Ее руки расслабляются в моей хватке, пристальный взгляд изучающе скользит по моим чертам.

– Ты сумасшедший.

Вполне возможно.

– Я сумасшедший, но с долгими промежутками мучительного здравомыслия, – цитирую я любимый стих, но не думаю, что до сих пор понимал значение слов По.

Я твердею, прижимаясь к ее бедрам, и знаю, что она чувствует мое возбуждение. Она видит в моих глазах, как сильно я хочу попробовать ее на вкус, узнать, каковы на ощупь эти манящие губы.

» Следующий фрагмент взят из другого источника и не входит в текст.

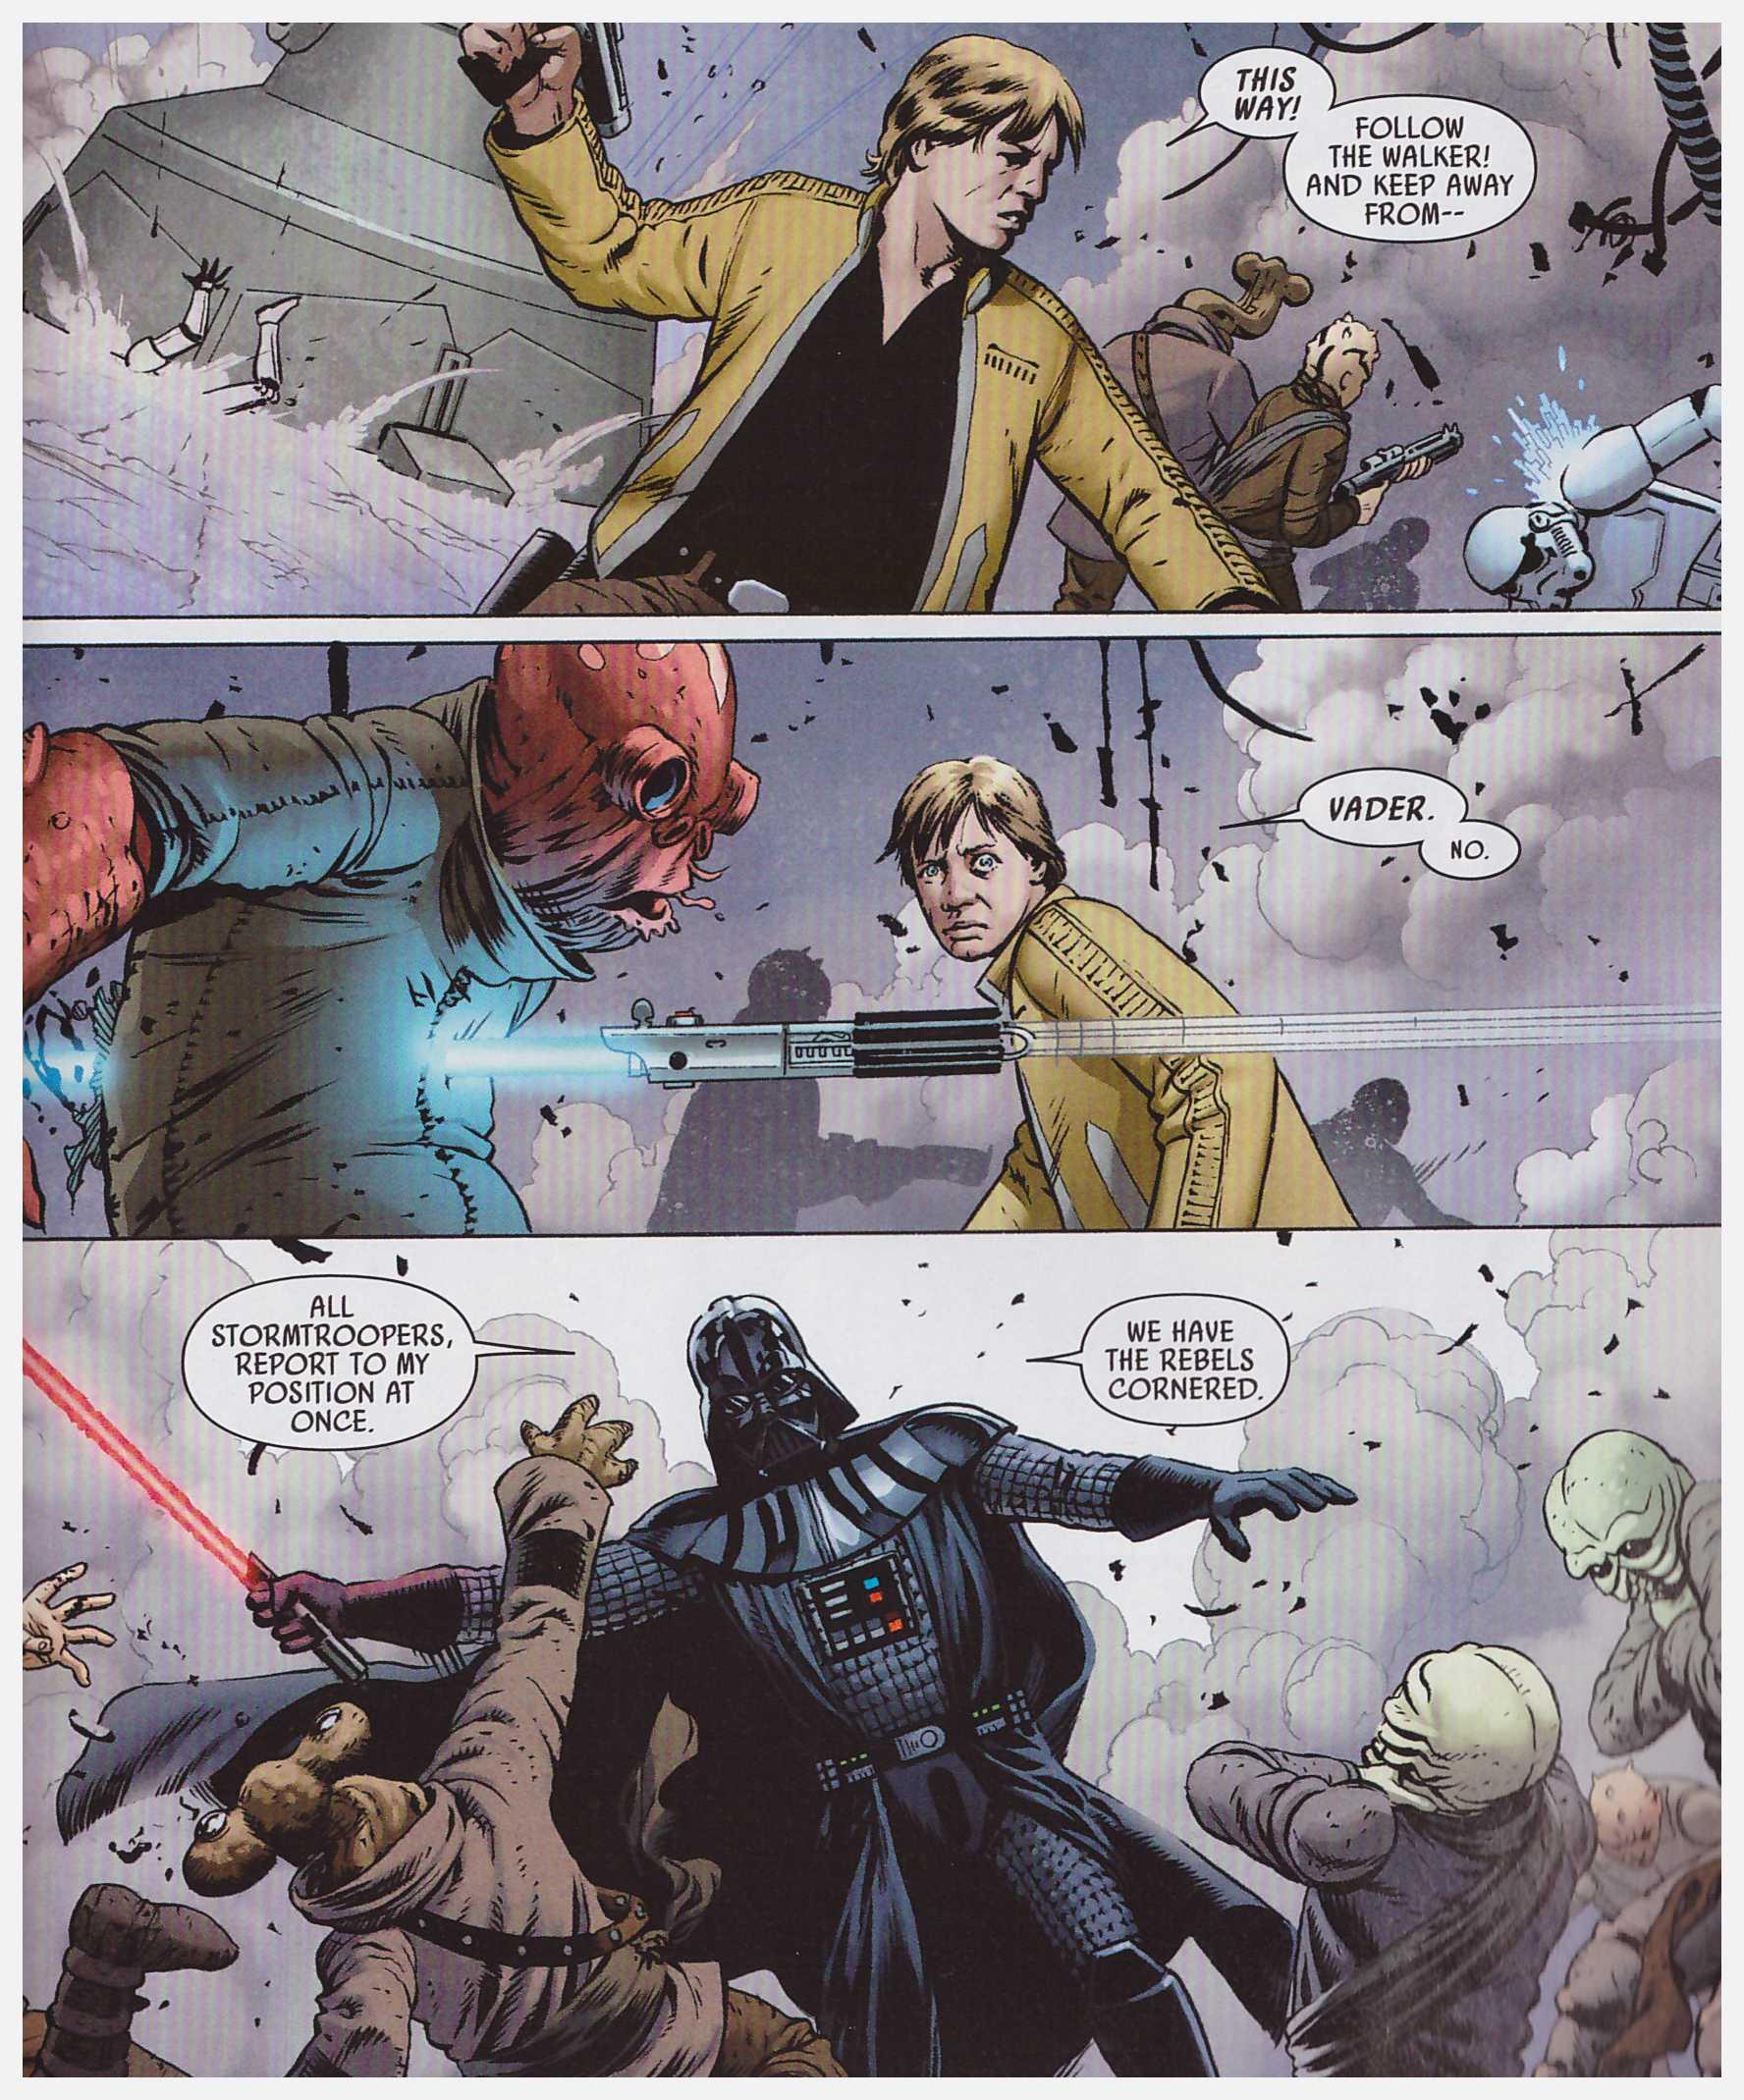 Star Wars Skywalker Strikes review

Опускаю шприц, он падает на землю. Затем протягиваю руку между нашими телами и расстегиваю пряжку. Глаза Блейкли расширяются в тревоге, когда я снимаю кожаный ремень.

Стону от мучительного трения, которое вызывает это движение. Одну секунду я наслаждаюсь ощущением ее близости, затем толкаюсь вверх, увлекая ее руки за собой. Обматываю ремень вокруг ее запястий и туго затягиваю его.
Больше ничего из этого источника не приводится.